In the series of commands below, no where do I see a report for why the kdump
kernel failed to load.  The customer needs to see why the failure occured.

[root@localhost ~]# grep APPEND /etc/sysconfig/kdump
KDUMP_COMMANDLINE_APPEND="irqpoll maxcpus=1 lpj=3001000i console=tty0
console=ttyS0,115200n8 earlyprintk=serial,ttyS0,115200n8,keep debug acpi=debug"

[root@localhost ~]# /etc/init.d/kdump start
Starting kdump:                                            [FAILED]

[root@localhost ~]# tail -n 2 /var/log/messages
Jan 23 14:24:14 localhost kdump: kexec: failed to load kdump kernel
Jan 23 14:24:14 localhost kdump: failed to start up


Comment 7 Amul Shah 2007-01-23 18:43:10 UTC
Created attachment 146330 [details]
/etc/sysconfig/kdump

Please use this file for your /etc/sysconfig/kdump.  The parameters are
arbitrary and there just to make sure that your system's command line will
overflow.  The ES7000's long exactmap helps me see this problem easier.

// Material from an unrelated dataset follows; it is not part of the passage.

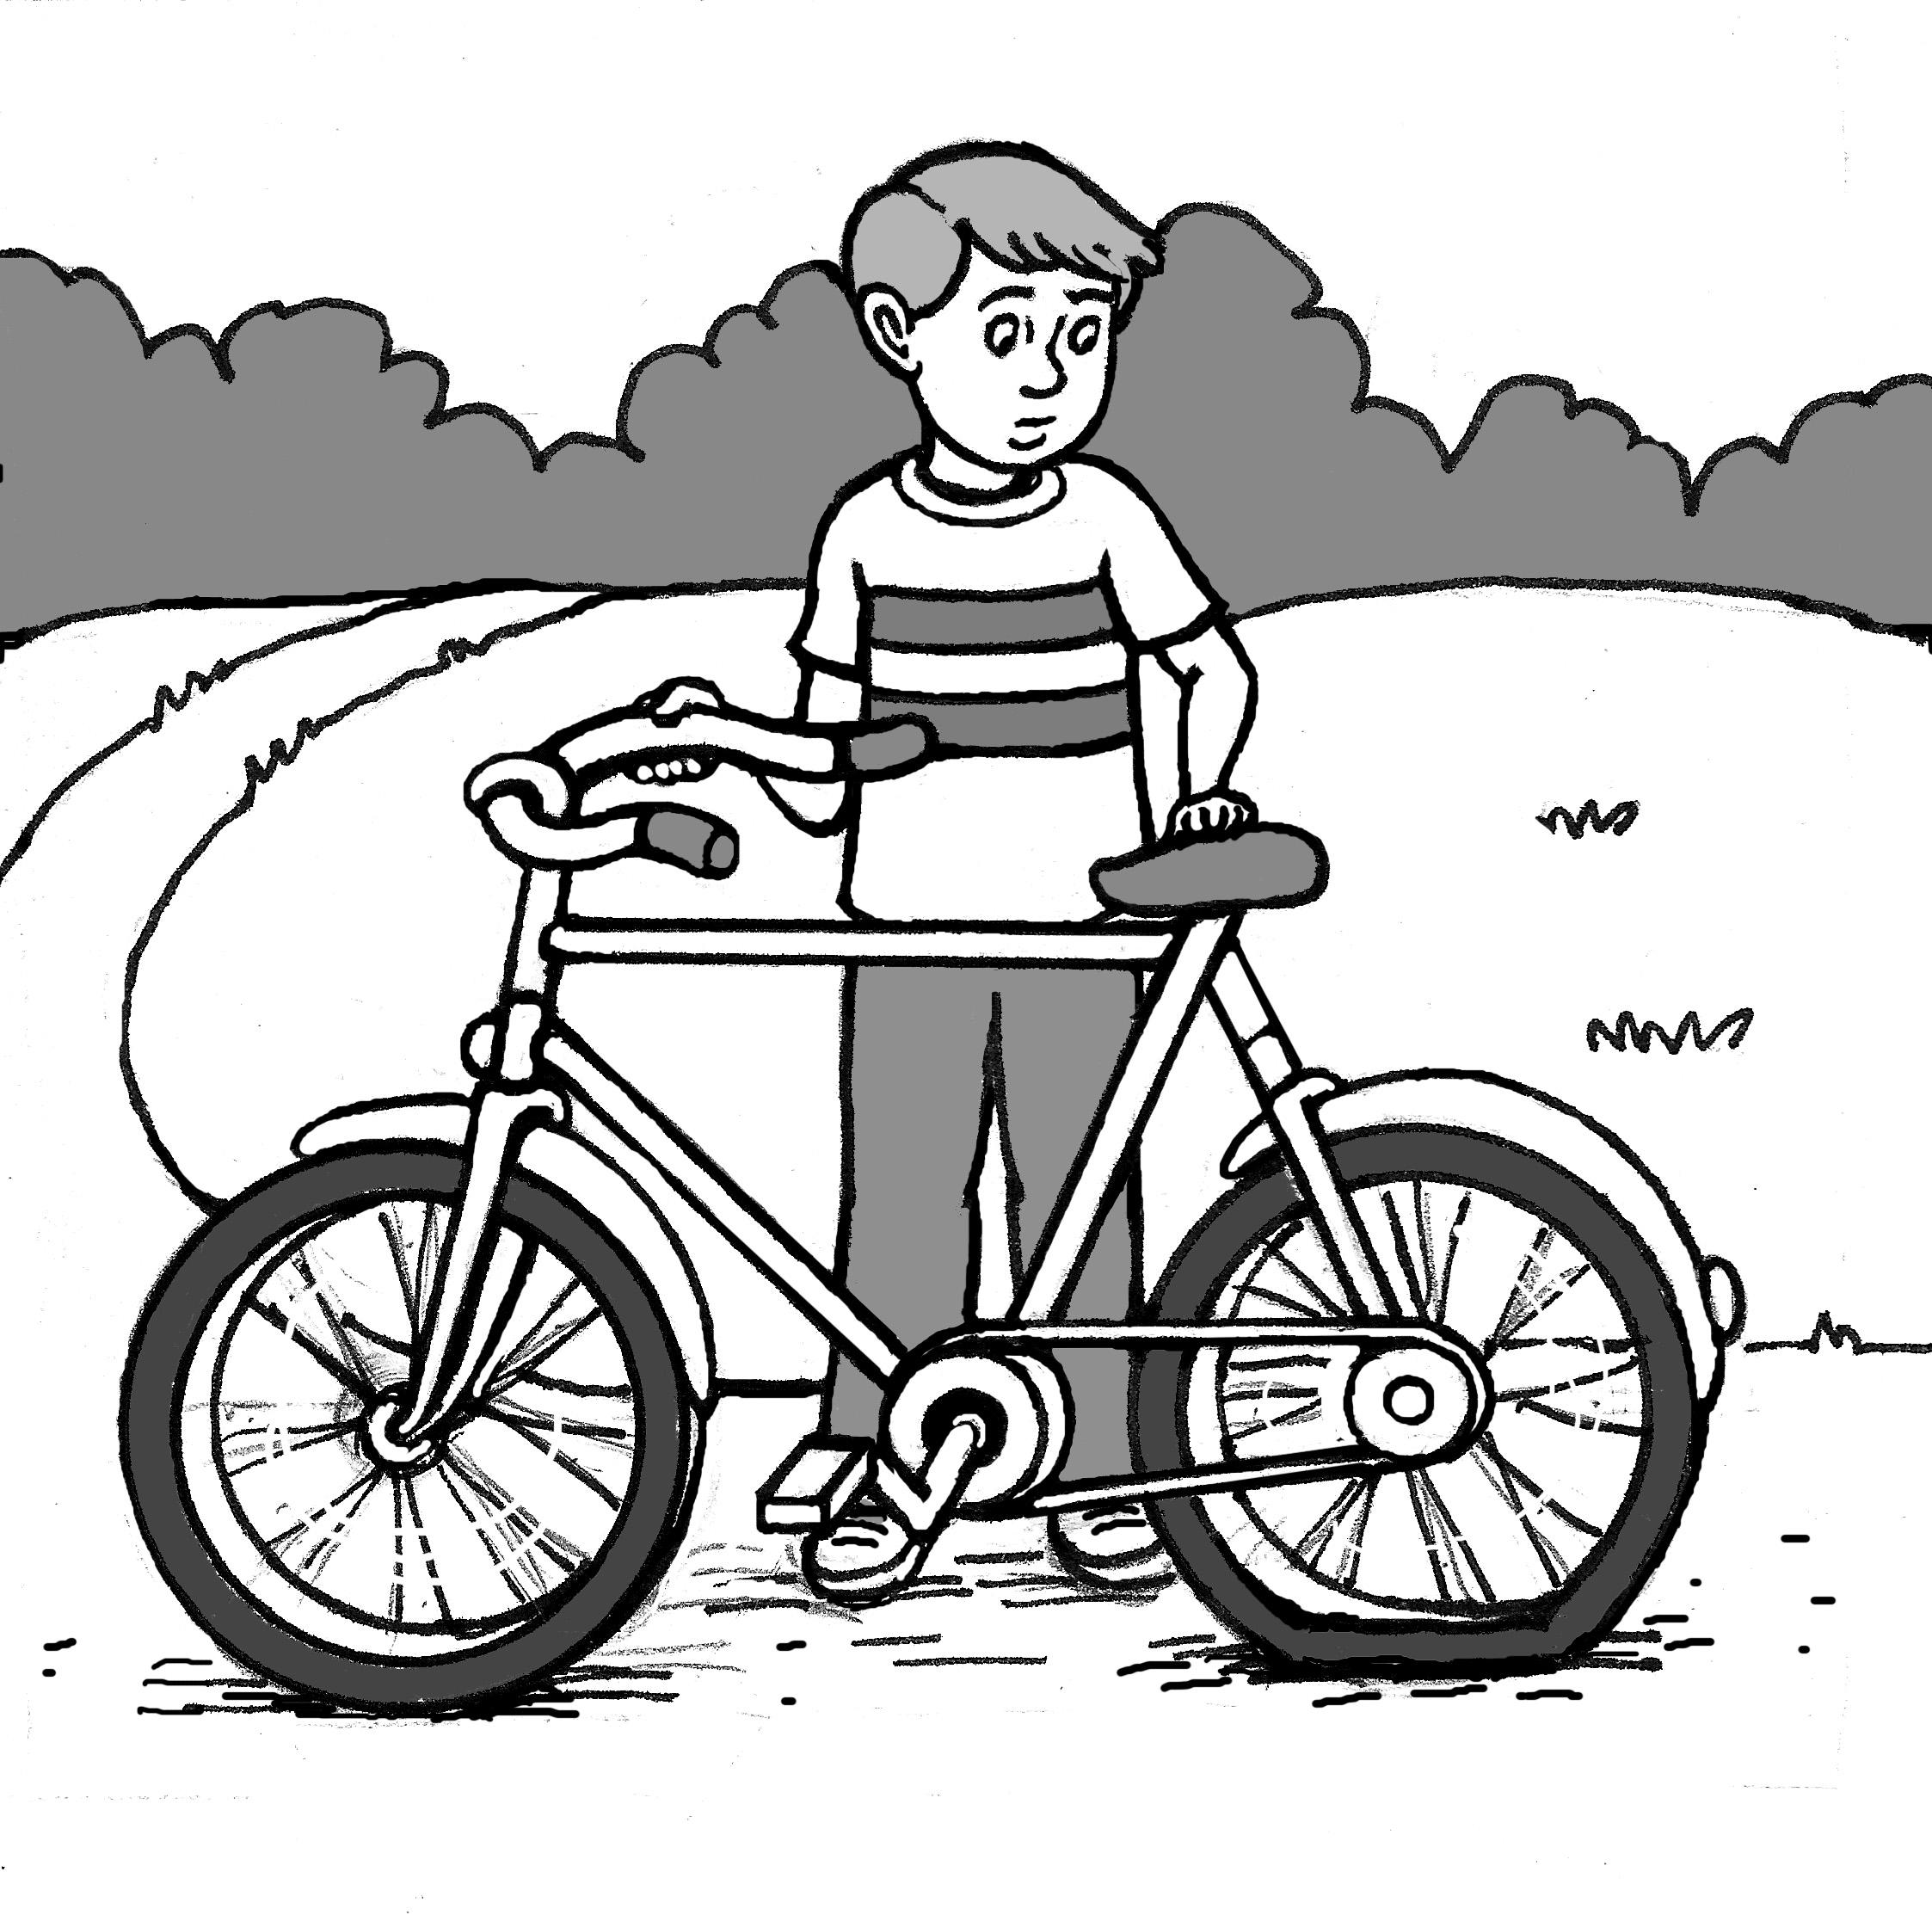 Bike clipart flat tire Reverse jpg Flat Drawing original_224802_wo5KIOYQfaO_5JaYGQNv4Ymi_

Comment 8 M. Mohan Kumar 2007-01-23 19:04:32 UTC
Okay, When I run 'init 3' to load kdump kernel using the init scripts with a
very long parameter list, I get

Starting portmap: [  OK  ]
Starting kdump:  Command line overflow
Starting kdump:[FAILED]
[FAILED]

Then I tried kexec-tools-1.101-163 on a POWER machine with long parameter list.
kdump init script does not say the reason for kdump load failure and I need to
check the /var/log/message.

So the problem still exists in 163 level of kexec-tools.

Comment 9 Amul Shah 2007-01-23 19:19:49 UTC
Mohan, mind sharing your /etc/init.d/kdump or at least doing a diff of it to see
what went wrong between now and then?

If the scripts are the same, then maybe /sbin/kexec was printing the error
message on STDOUT and not STDERR. In the original bug report, I noted that the
script gets rid of any /sbin/kexec error messages by redirect STDERR to
/dev/null ("2> /dev/null").

Comment 10 Neil Horman 2007-01-23 19:44:05 UTC
Ok, it does appear the addition of the /dev/null redirection on kexec regressed
this.  I don'tthink we need a whole separate log facility to catch this though.
 The following patch should work just fine.  Please test and confirm

Comment 11 Neil Horman 2007-01-23 19:47:07 UTC
Created attachment 146345 [details]
patch to log output of kexec on error

Comment 12 Amul Shah 2007-01-23 20:49:38 UTC
Neil, you're right we don't need the added logging complexity. Thanks for the
simpler fix. The change works, I can see the error in /var/log/messages.

I assume this change will make it into 5.1 correct?

Comment 13 Jay Turner 2007-01-26 02:20:04 UTC
Retargeting for 5.1.  Also throwing back into Assigned, as this patch hasn't
been incorporated into a package build.

Comment 14 Neil Horman 2007-01-26 19:24:51 UTC
fixed in -164.el5.  Thanks!

Comment 15 Jay Turner 2007-02-13 17:05:53 UTC
kexec-tools-1.101-164.el5 included in 20070208.0 trees.